A presidente da Associação dos Kalungas de Cavalcante diz que, no geral, os quilombolas apóiam o trabalho do Incra. “A comunidade recebe bem porque é a coisa que eles mais querem. Eles encontram dificuldades quando chegam numa localidade sem guia conhecido. Aí os Kalungas estranham, tem um pouco de rejeição. Mas, assim que explicam o que estão fazendo a situação muda.” Para Deuselinda, a rejeição é histórica, resultado de séculos de fuga e perseguição. “As pessoas chegam falando uma coisa e eles sentem medo que não seja verdade. Dependendo do branco, eles têm medo sim, e tem toda a razão de ter.”
Segundo a previsão do superintendente regional do Incra no Distrito Federal e Entorno, Renato Lordello, a etapa de georreferenciamento e geoprocessamento está em fase final, e em pouco tempo a regularização fundiária será concluída com as desapropriação necessárias. Quando isto acontecer, o sonho de Deuselinda, sua mãe, e de todos os Kalungas terá se tornado realidade.
Preservação Cultural x Desenvolvimento
Promover o desenvolvimento social e econômico dos Kalungas sem afetar sua cultura é um dilema, exposto pela presidente da Associação dos Kalungas de Cavalcante, que preocupa os quilombolas. Para Deuselinda, a questão é emblemática. “Muitos falam que temos que preservar a cultura. Eu concordo. Não é porque consegui construir esta casa que vou esquecer que sou Kalunga, que gosto de folia, que gosto de reza, gosto do benzimento. Não é porque estudei, sou técnica em magistério, sou professora há 17 anos, que vou esquecer. Mas para preservar a cultura a gente não precisa viver na miséria”.
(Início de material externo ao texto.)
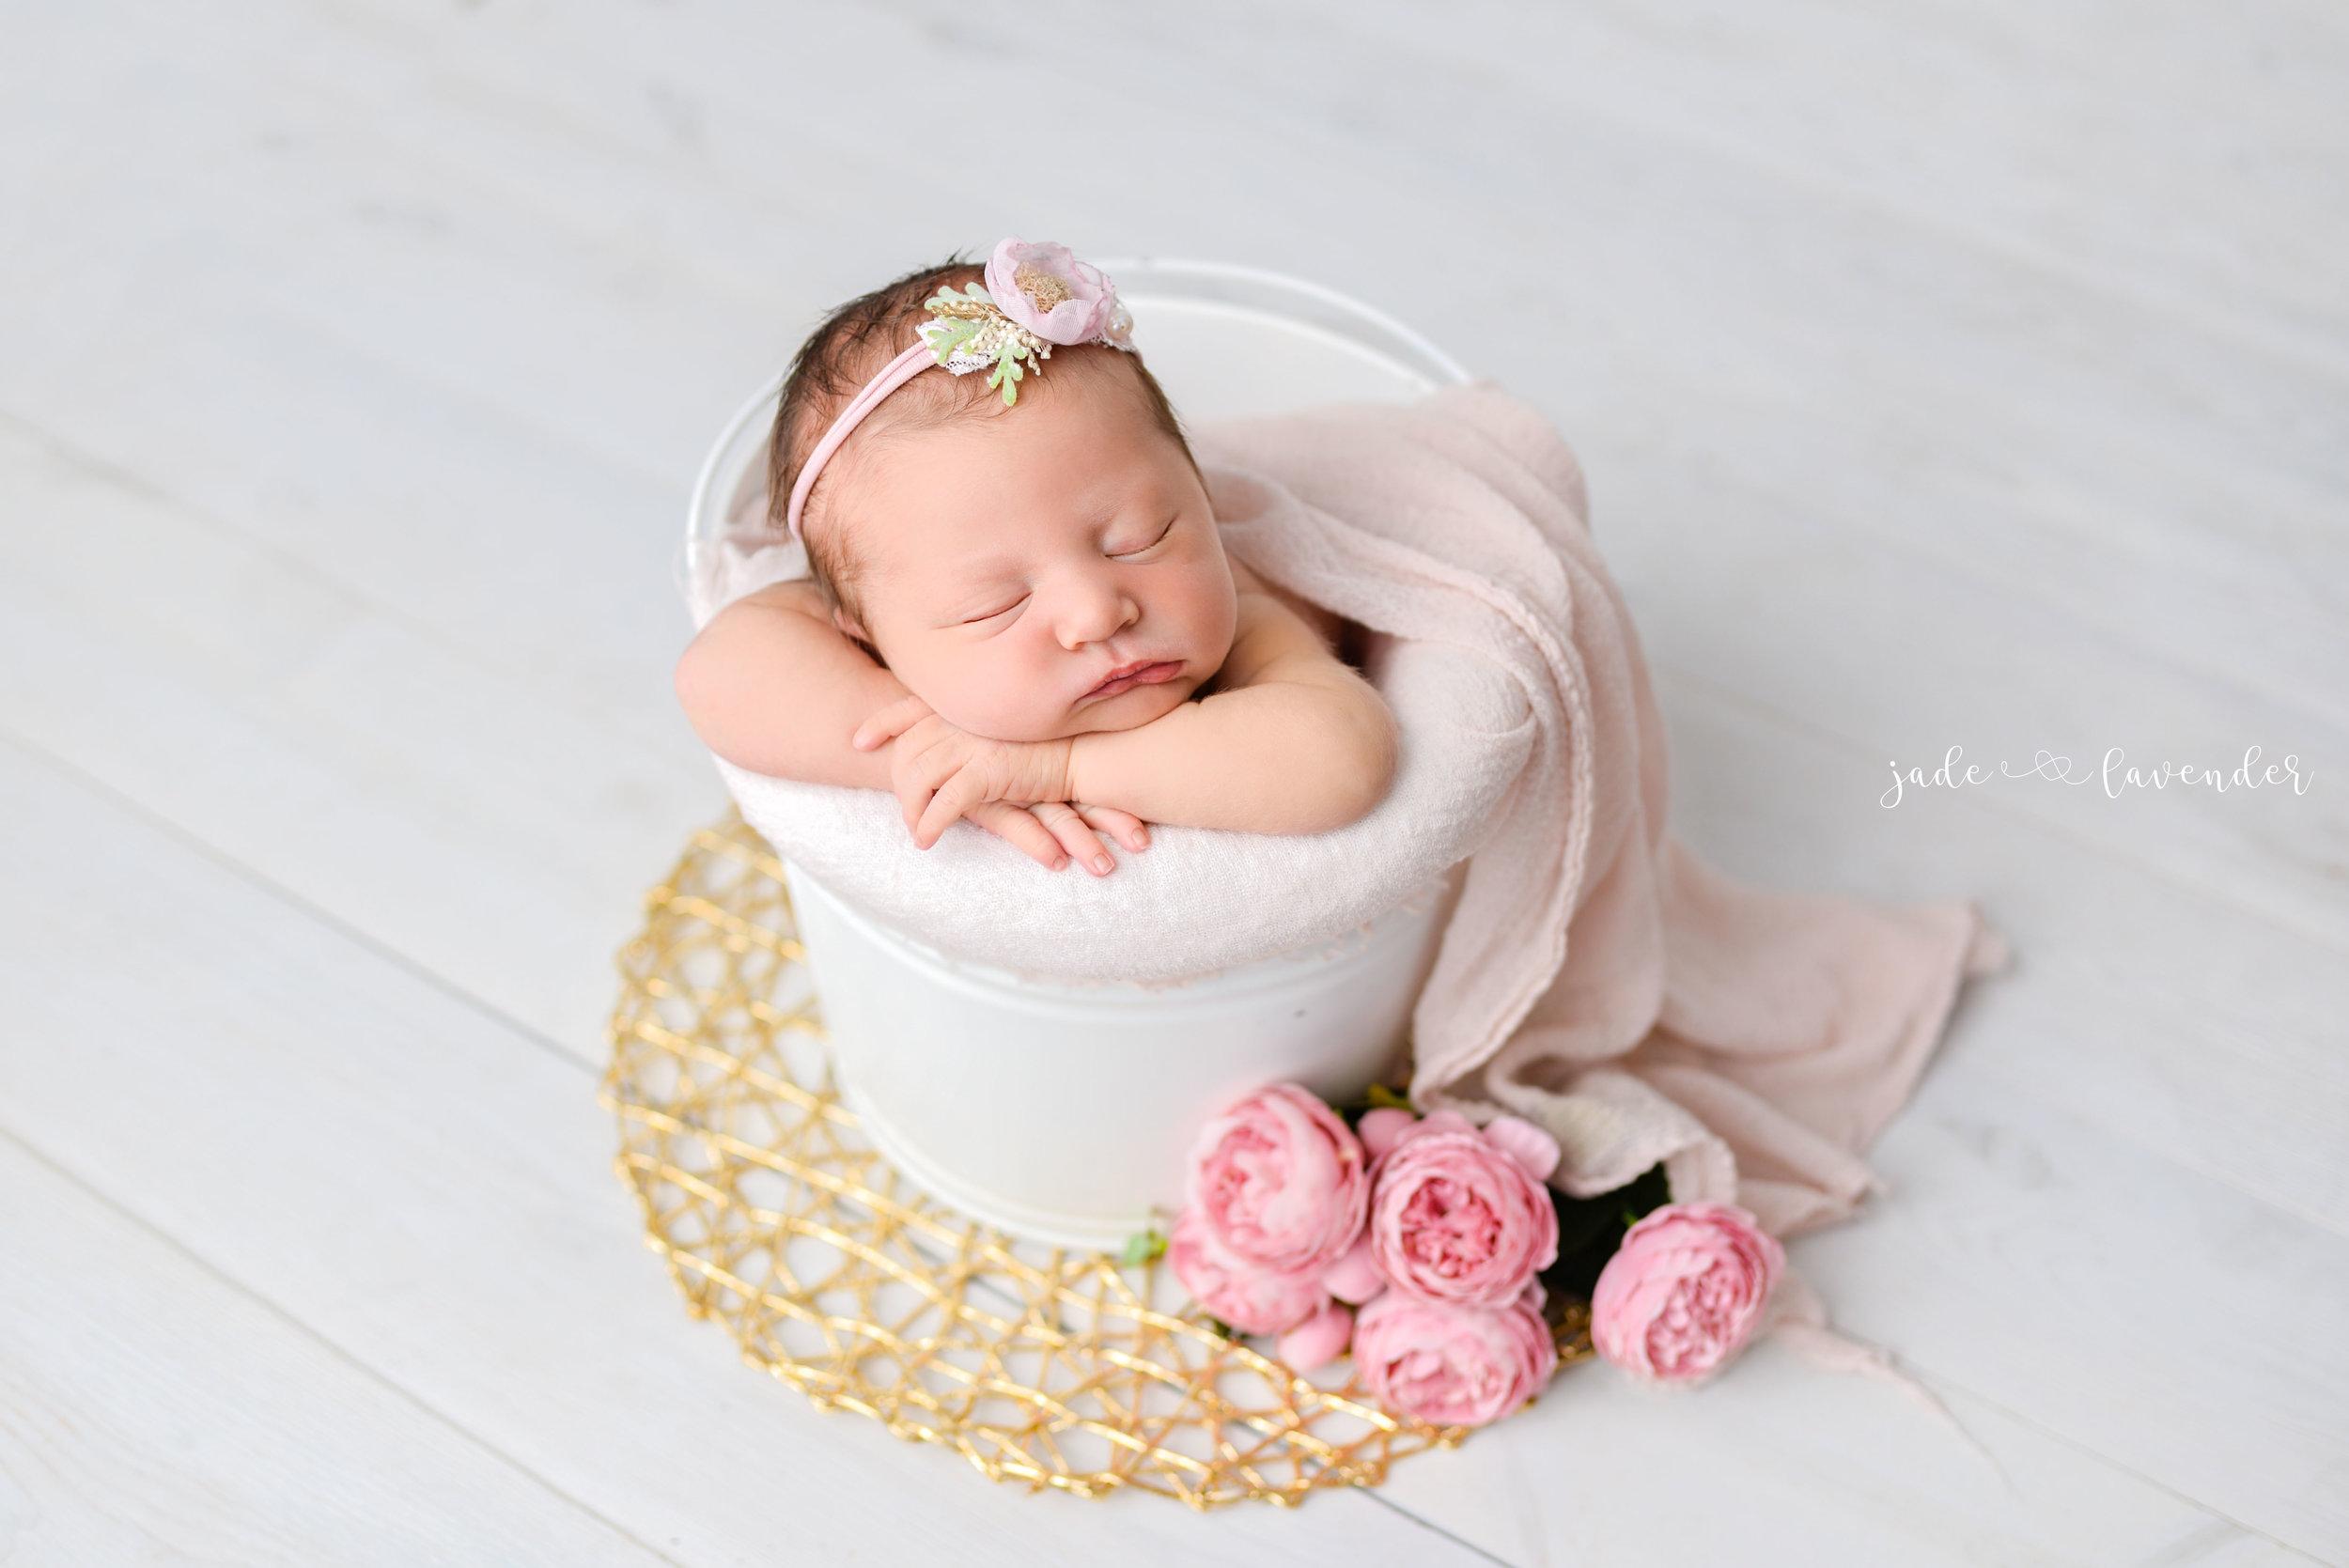 Baby-girl-pink-newborn-photography-infant-images-baby-photos-photographer-spokane-washington (8 of 8).jpg

Para ela, é importante as comunidades receberem energia elétrica, água encanada e equipamentos para a roça, mas sem deixar de praticar suas rezas, danças e folias, como a Romaria do Vão de Almas, que acontece em agosto, e a Romaria do Vão do Moleque, em setembro. As festividades unem as diferentes comunidades dos três municípios, épocas em que as tradições são mantidas ao promover uma grande recepção com doces, carne e farofa. “Somos um povo que ficou isolado, que ninguém ligava, ninguém queria nem saber. Com isto, a gente ganhou a nossa preservação. Tenho orgulho de estar preservada. Tenho orgulho de ser Kalunga”, afirma com convicção.